> [Records shown]
-----
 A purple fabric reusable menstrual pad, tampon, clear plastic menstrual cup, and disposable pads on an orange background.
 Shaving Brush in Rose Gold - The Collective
-----
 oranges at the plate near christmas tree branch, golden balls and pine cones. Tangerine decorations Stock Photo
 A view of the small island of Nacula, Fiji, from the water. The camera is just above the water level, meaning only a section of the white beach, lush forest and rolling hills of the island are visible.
-----
> [Directions]
Send back an exact copy of only the lines from the line with "A purple fabric" up to and including the line with "Shaving Brush in Rose Gold - The Collective" in the data above.

> [Exercise result]
 A purple fabric reusable menstrual pad, tampon, clear plastic menstrual cup, and disposable pads on an orange background.
 Shaving Brush in Rose Gold - The Collective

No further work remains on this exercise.